In her work in film, installation, and print the French-Moroccan artist Bouchra Khalili has spent over ten years examining strategies and discourses of resistance of minorities, elaborating platforms from which their voices can be heard. Her protagonists speak from their own personal situations, formulate narratives of protest in their own languages and gradually join together to form one large, collective voice.
Her new video installation Twenty-Two Hours has its starting point in Jean Genet’s lasting support for revolutionary movements: in his writings the French author repeatedly expressed solidarity with the oppressed from all over the world, referring for example to the Black Panther Party for Self Defense, the civil rights movement founded in 1966 for African-American rights. In Bouchra Khalili’s video installation, two African-American women question the legacy of the African-American struggle for equal rights then and now, as well as well the position of the radical ally, as embodied by Genet. What traces remain of this history? How can we describe the essential link between the power of language and issues of self-representation? How do our history and its poetry influence our current existence and what do they tell us of the spirit of our time?

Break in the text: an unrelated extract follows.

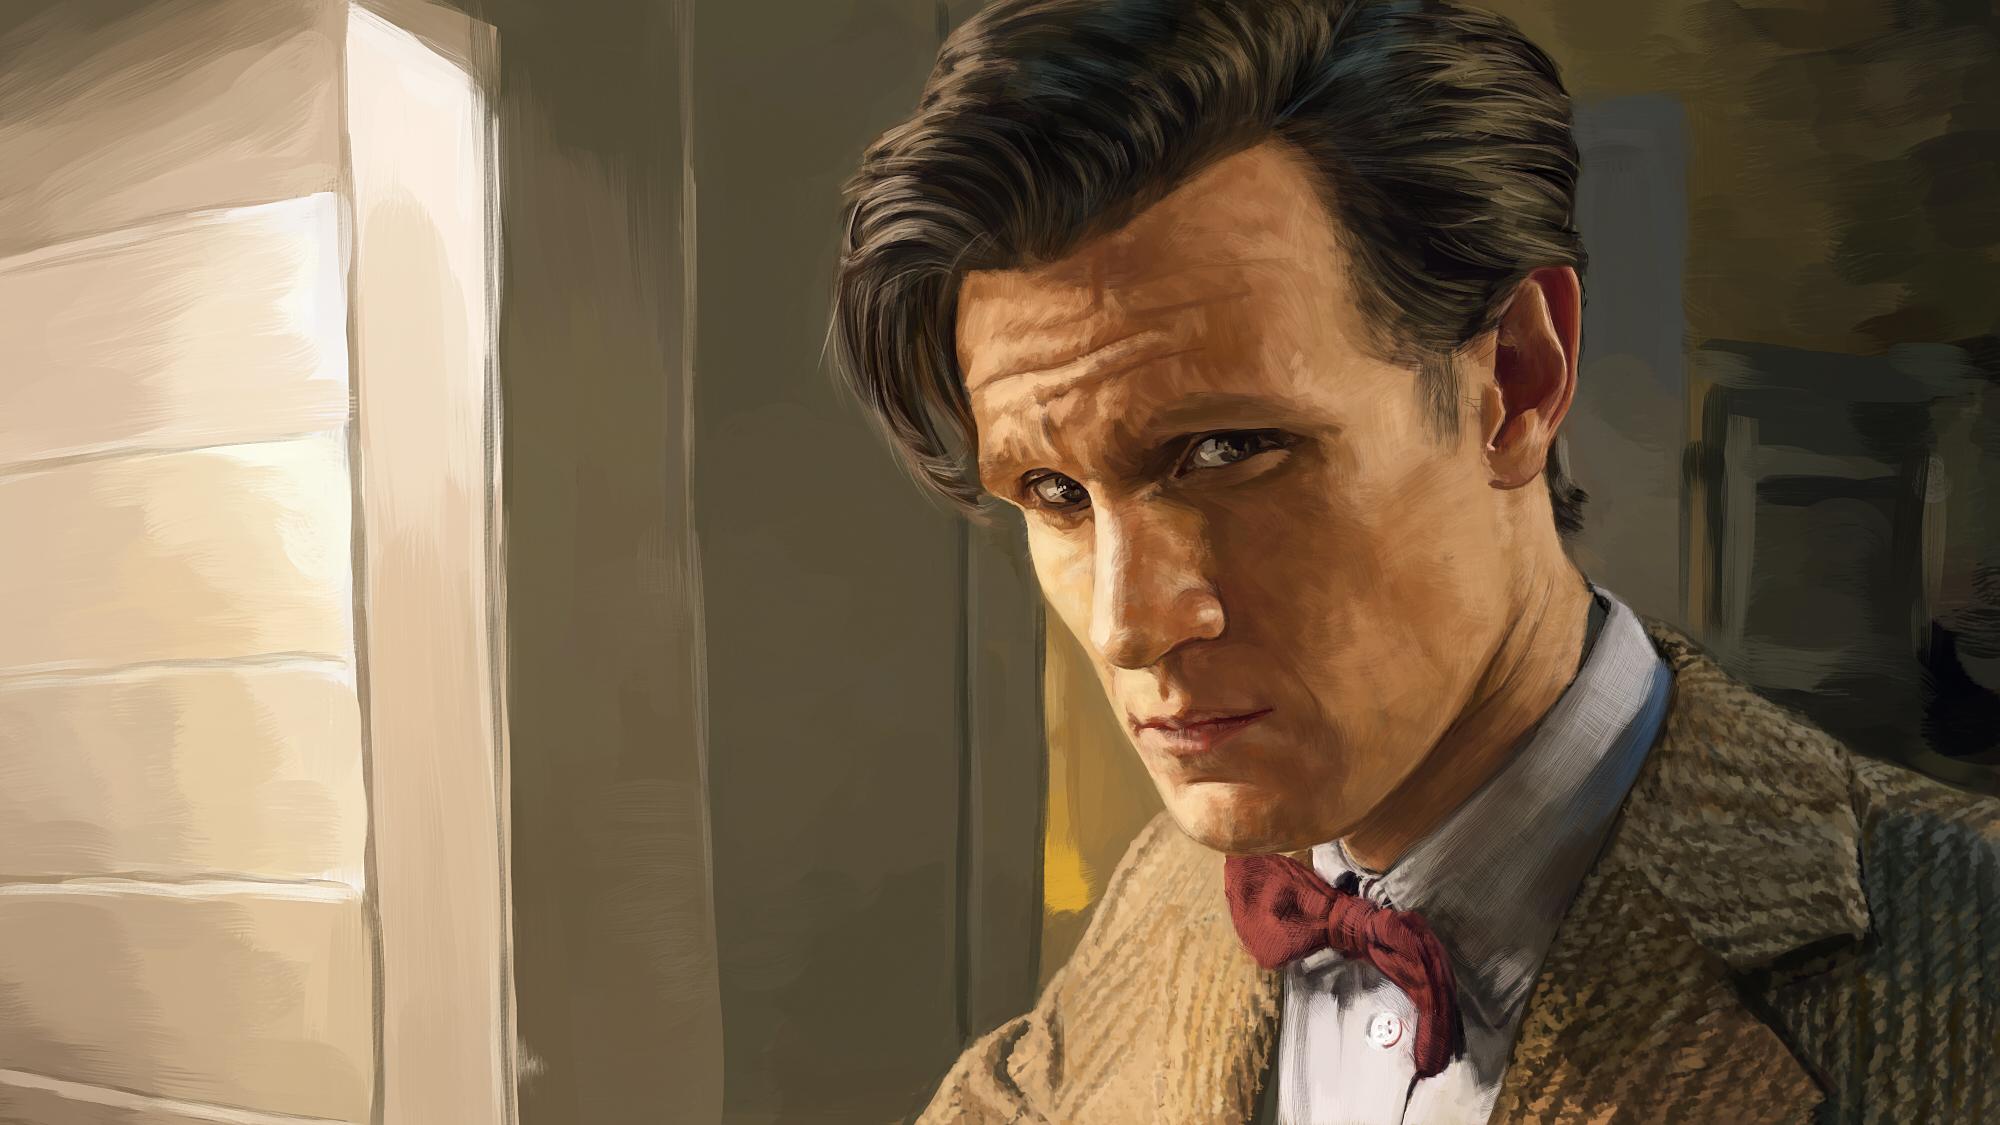 Doctor Who Eleventh Doctor Matt Smith Wallpaper Hd Tv Series 4k

Parallel to Twenty-Two Hours Bouchra Khalili also presents The Tempest Society at the Museum Folkwang in Essen. This was her contribution to documenta 14 in 2017: three Athenians from different backgrounds form a group to examine the current state of Europe. They meet on the stage of a former factory turned into a theatrical space. They call themselves “The Tempest Society” in homage to Al Assifa (in Arabic: “the storm”) a theatre company founded in Paris in the 1970s by North African immigrant workers and French students. Their forgotten lega- cy is now revived: on a theatre stage the ‘Tempest Society’ demands equal rights, citizen participation and solidarity.